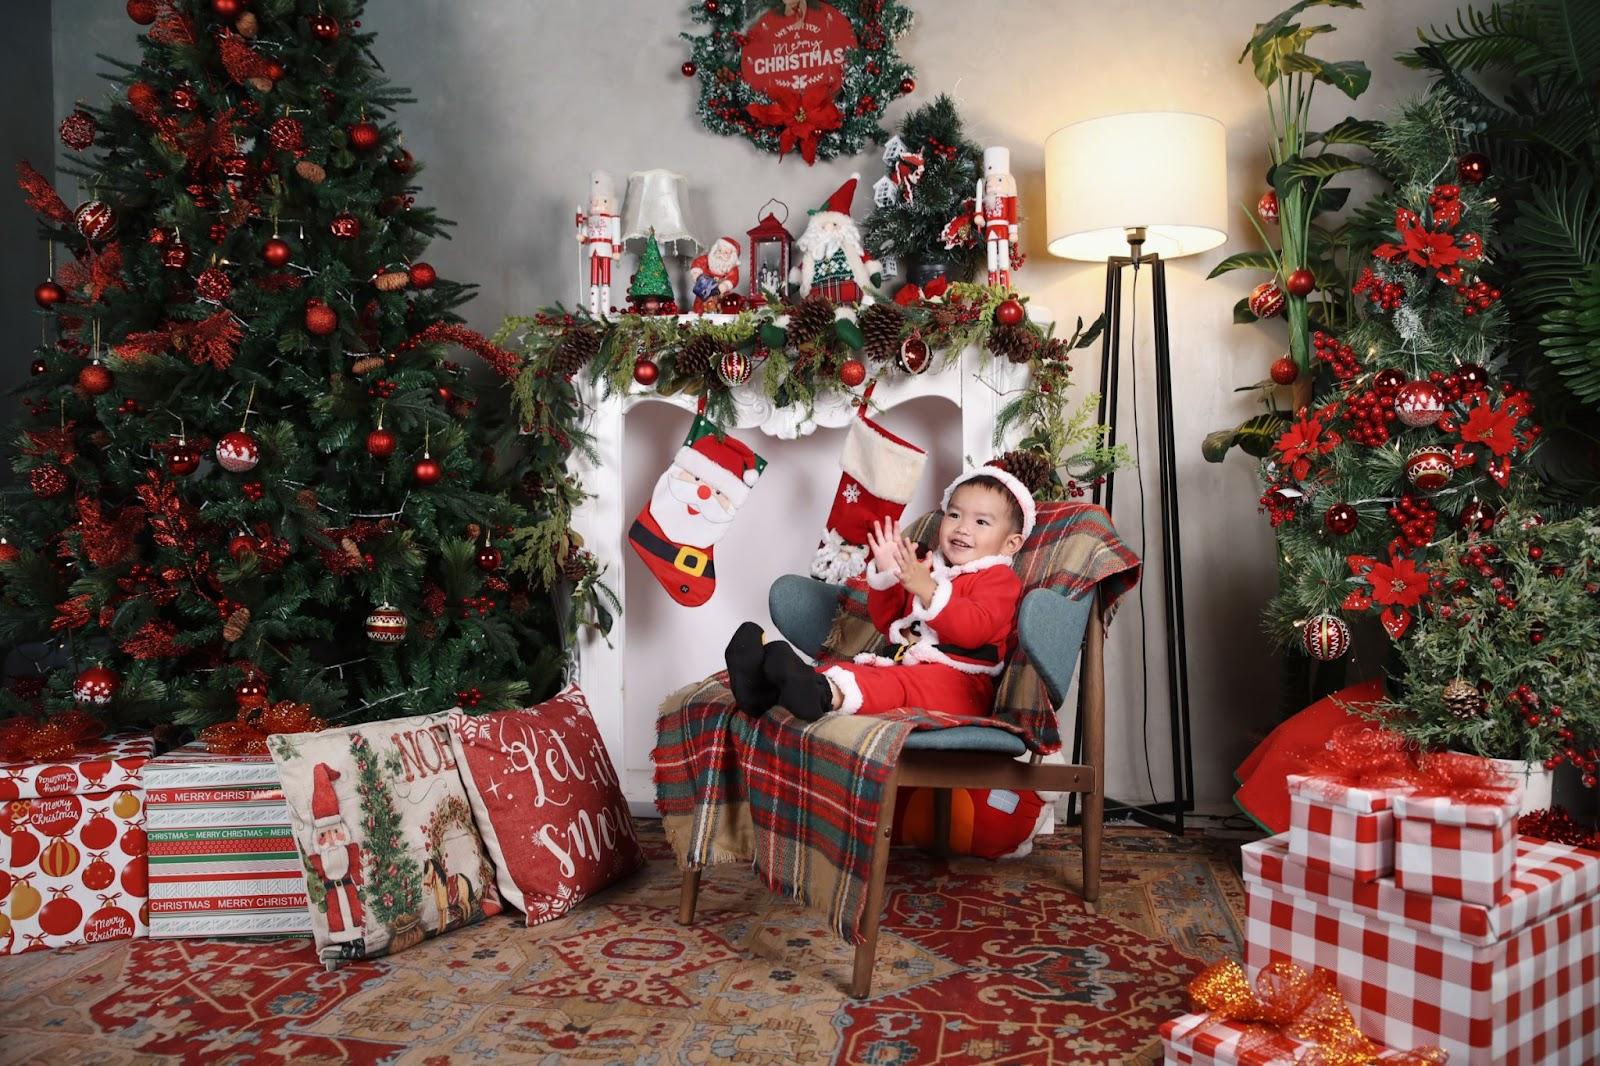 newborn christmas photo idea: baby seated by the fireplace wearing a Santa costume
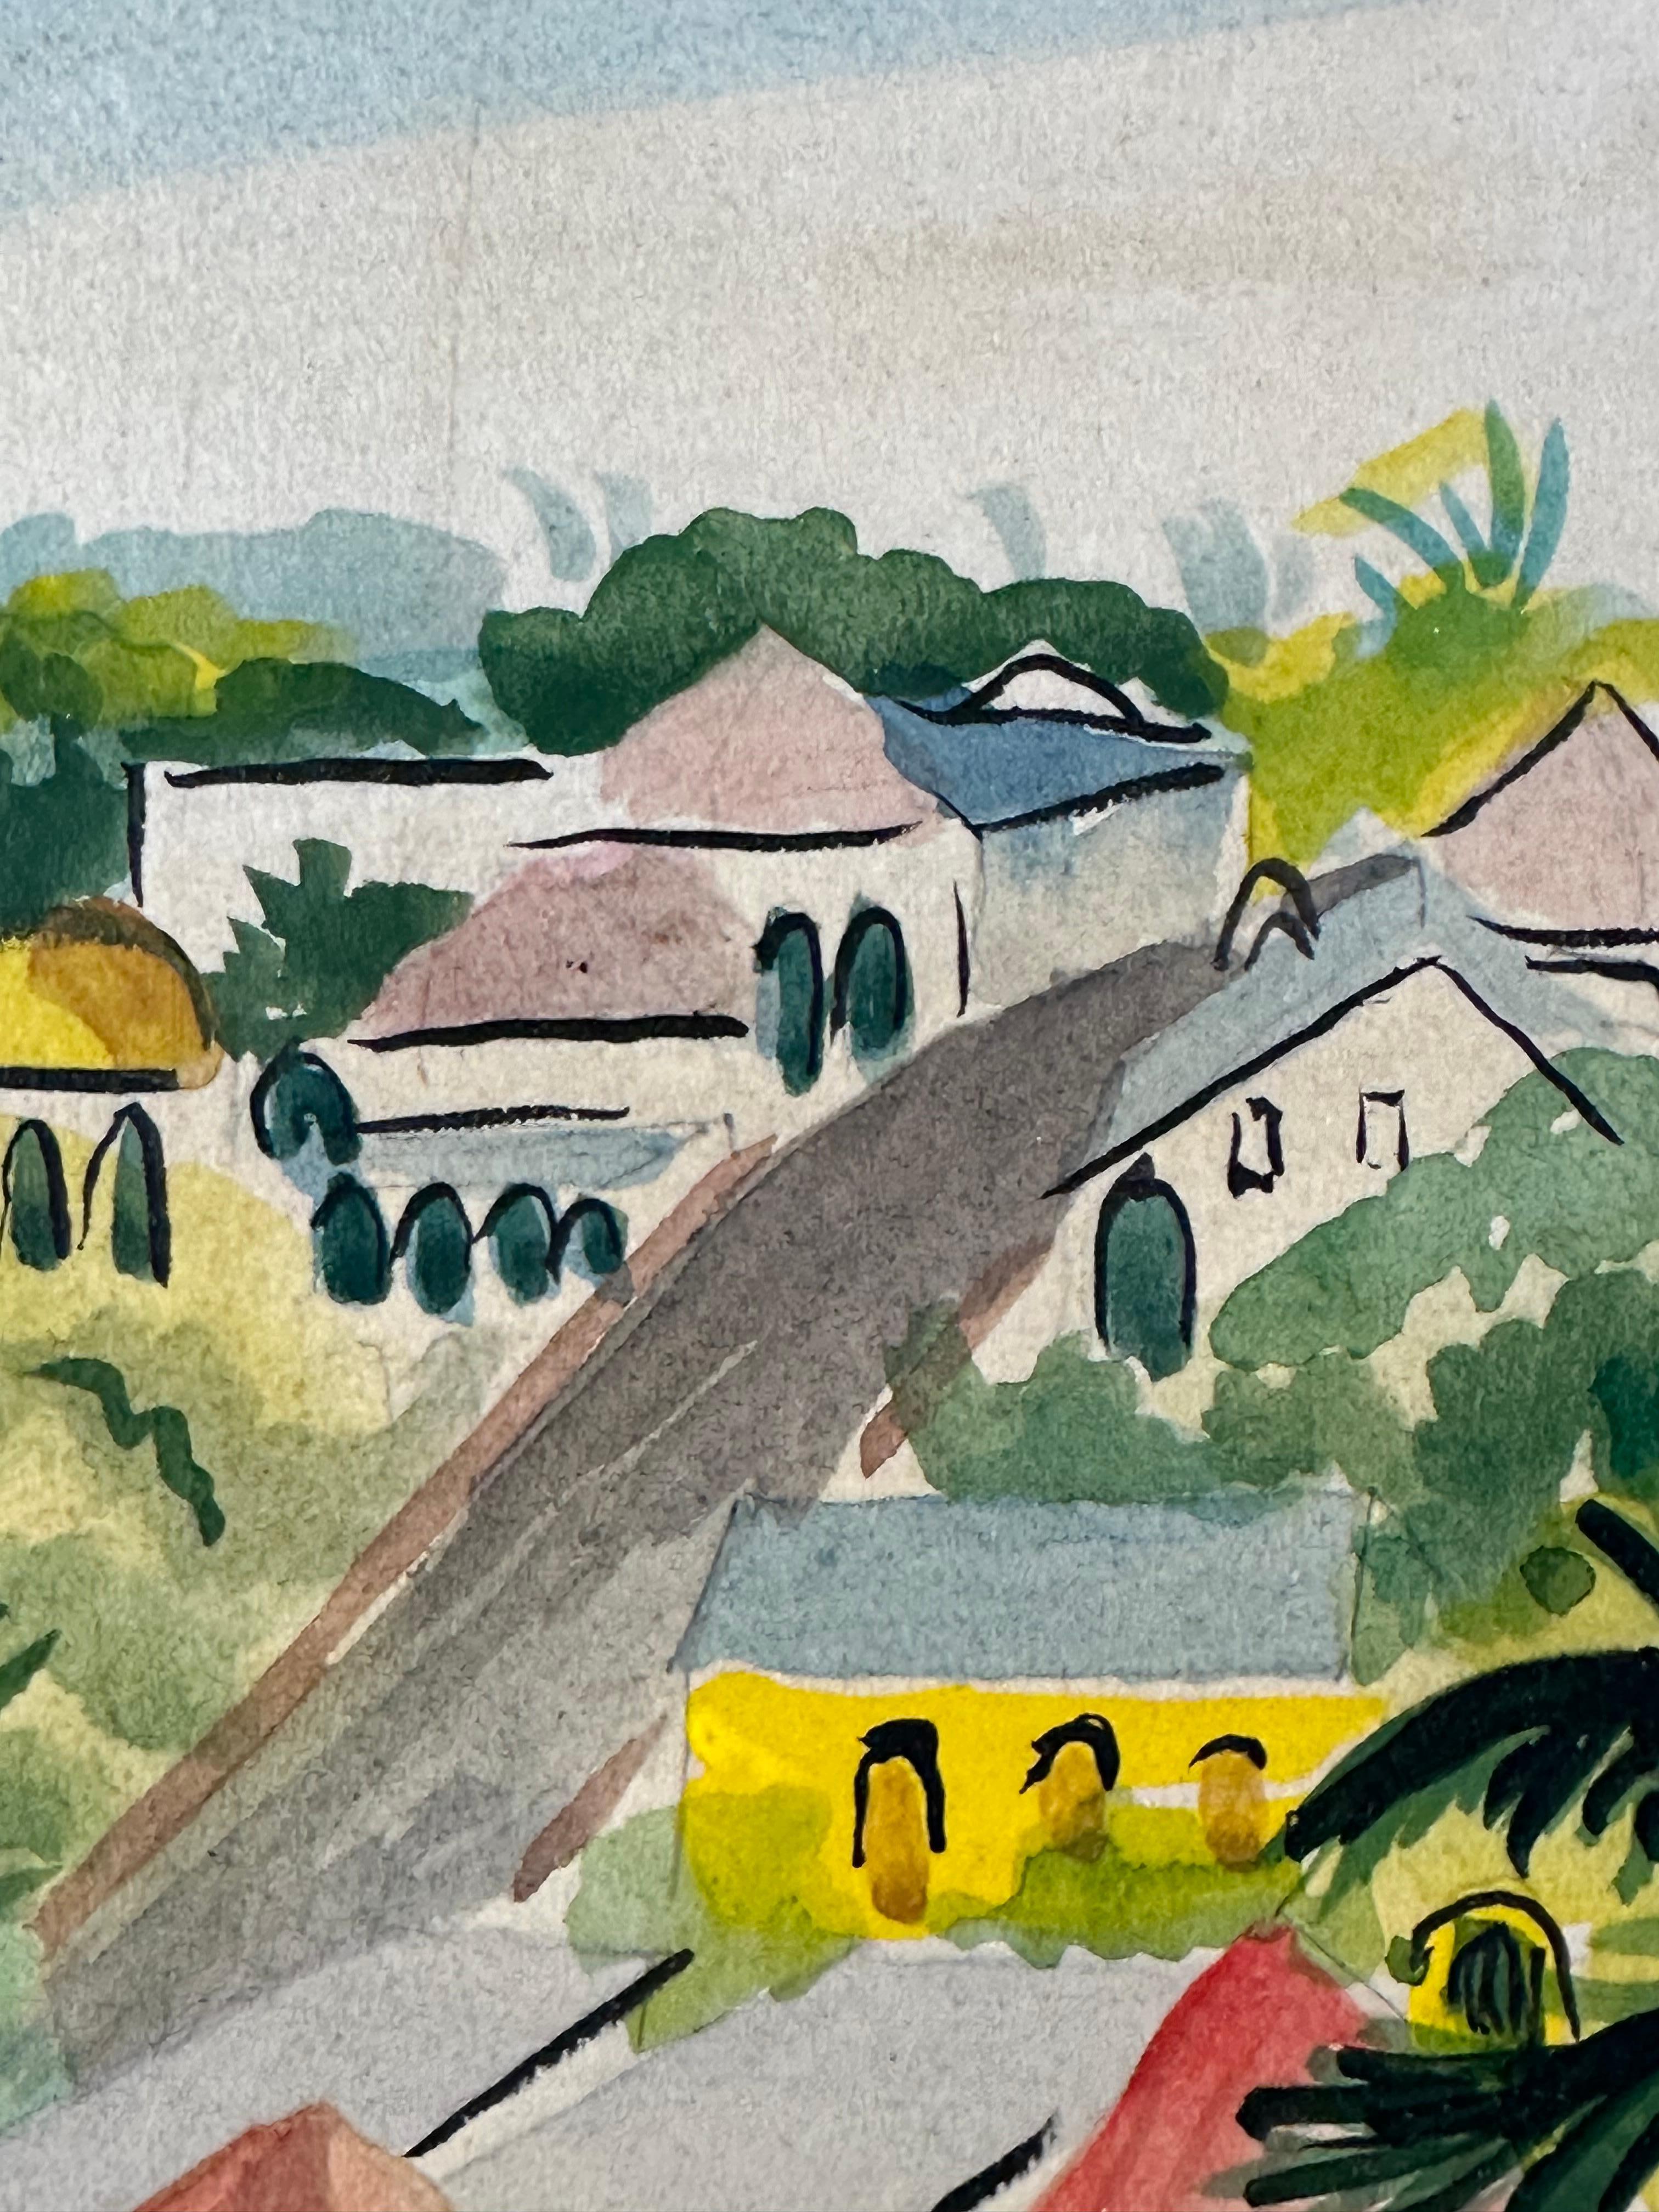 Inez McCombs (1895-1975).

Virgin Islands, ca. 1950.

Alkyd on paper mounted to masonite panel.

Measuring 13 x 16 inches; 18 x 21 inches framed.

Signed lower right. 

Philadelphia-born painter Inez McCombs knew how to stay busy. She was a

════════════════════

**Work instructions:** What you write should match, character for character, the lines from the one with "Alkyd on paper mounted to masonite panel." to the end of the data, both included.

**Solution to this task:**
Alkyd on paper mounted to masonite panel.

Measuring 13 x 16 inches; 18 x 21 inches framed.

Signed lower right. 

Philadelphia-born painter Inez McCombs knew how to stay busy. She was a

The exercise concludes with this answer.